Tuesday, November 22, 2016

The Minds of Insects

Hello everyone, Tyler Stading here. I am a biology and psychology double major at UNL!

It may seem odd that someone with a psychology focus would be interested in insects. But you might be interested to know just how intertwined the two are. For instance, one of psychology’s most famous sexuality researchers Alfred Kinsey began his scientific career as an entomologist studying hymenopterans, specifically gall wasps. He was notorious for his methodical nature and meticulous attention to detail, which made his work in psychology all the better!

Some arthropods, such as arachnids, have helped psychologists more directly. For instance, researcher Peter Witt better used common garden spiders to better understand the effects of psychoactive drugs on behavior. By giving spiders appropriate doses of drugs such as LSD, marijuana, speed, sedatives, and even caffeine, Witt could later observe how the drugs affected the spider’s web construction the next morning.

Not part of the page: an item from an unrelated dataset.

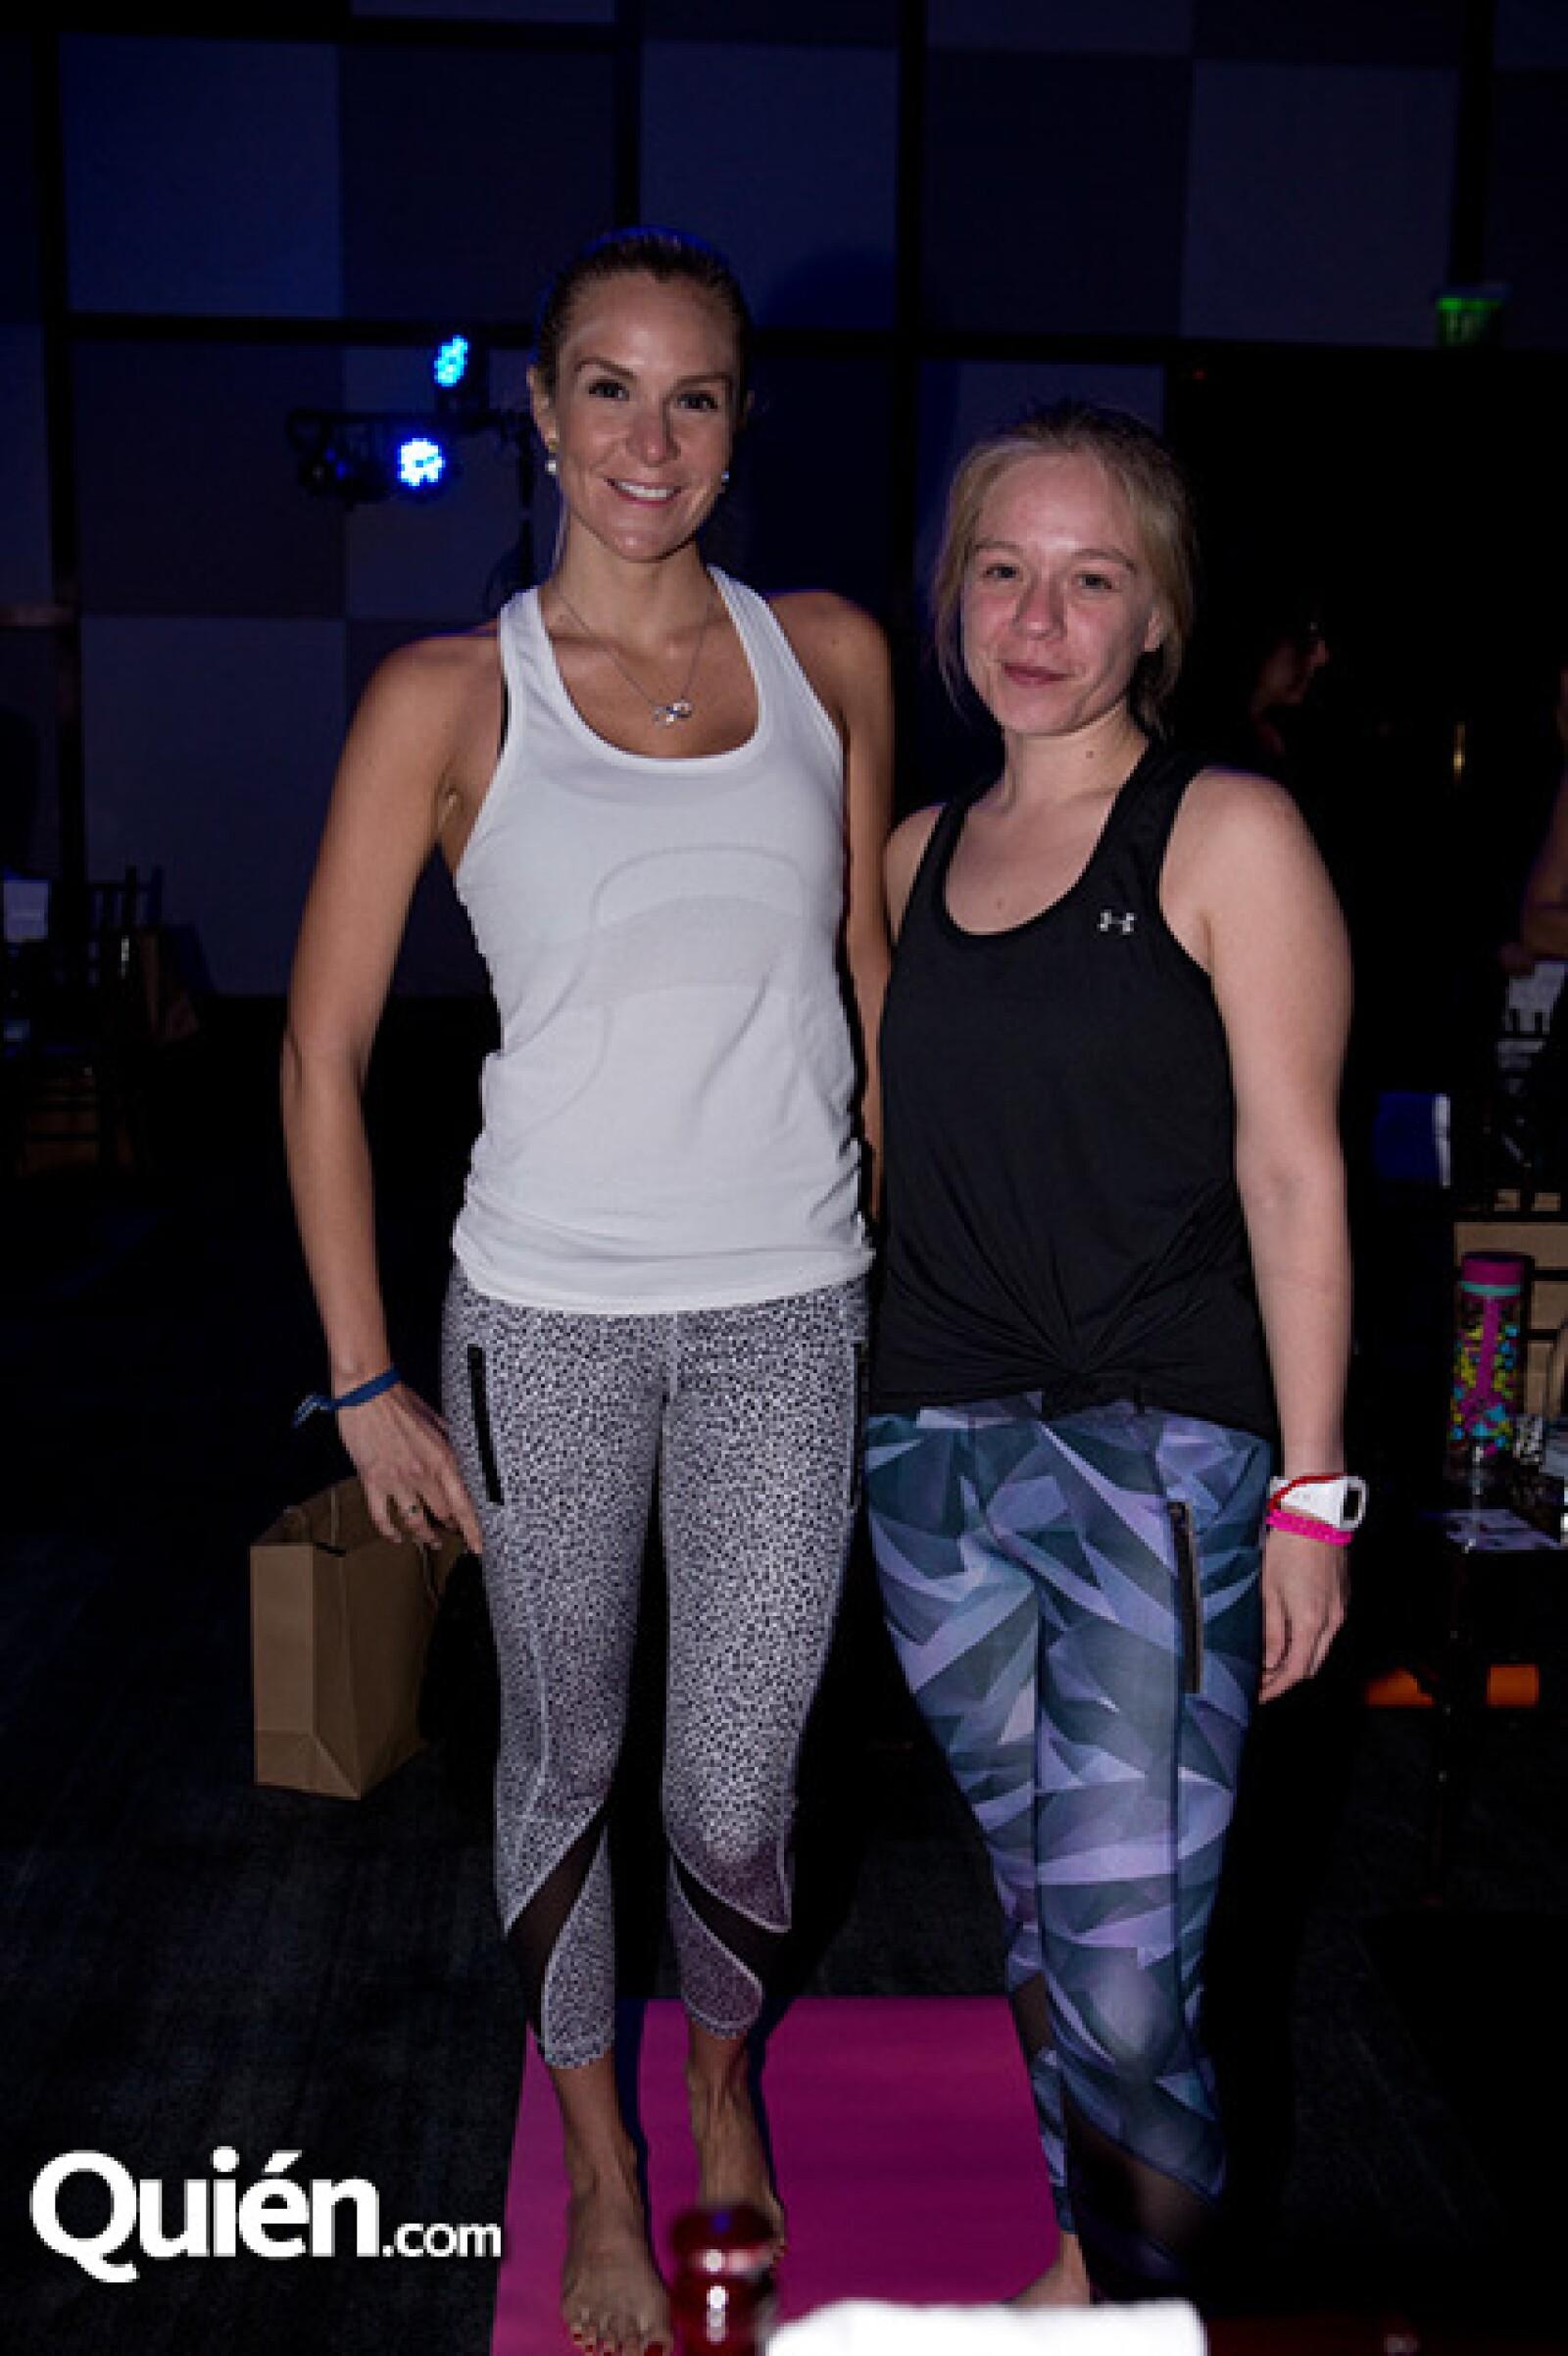 Vanessa Álvarez y Angie Mora

Insects can also help us better understand something as complex as memory! In particular, the eusocial honey bee demonstrates complex learning and communication with its unique waggle dance that helps communicate flower position to other bees. This learning behavior is extremely impressive, especially when you consider that bees have about 100,000 x’s fewer neurons than humans (9.6 105 vs 8.6 1010).

More than anything though insects are fascinating, they are one of the most diverse and successful animal clades on the planet! Whether they’re a pet, a pest, or ending up on your dinner plate, everyone has a reason to be interested in these amazing and ubiquitous animals!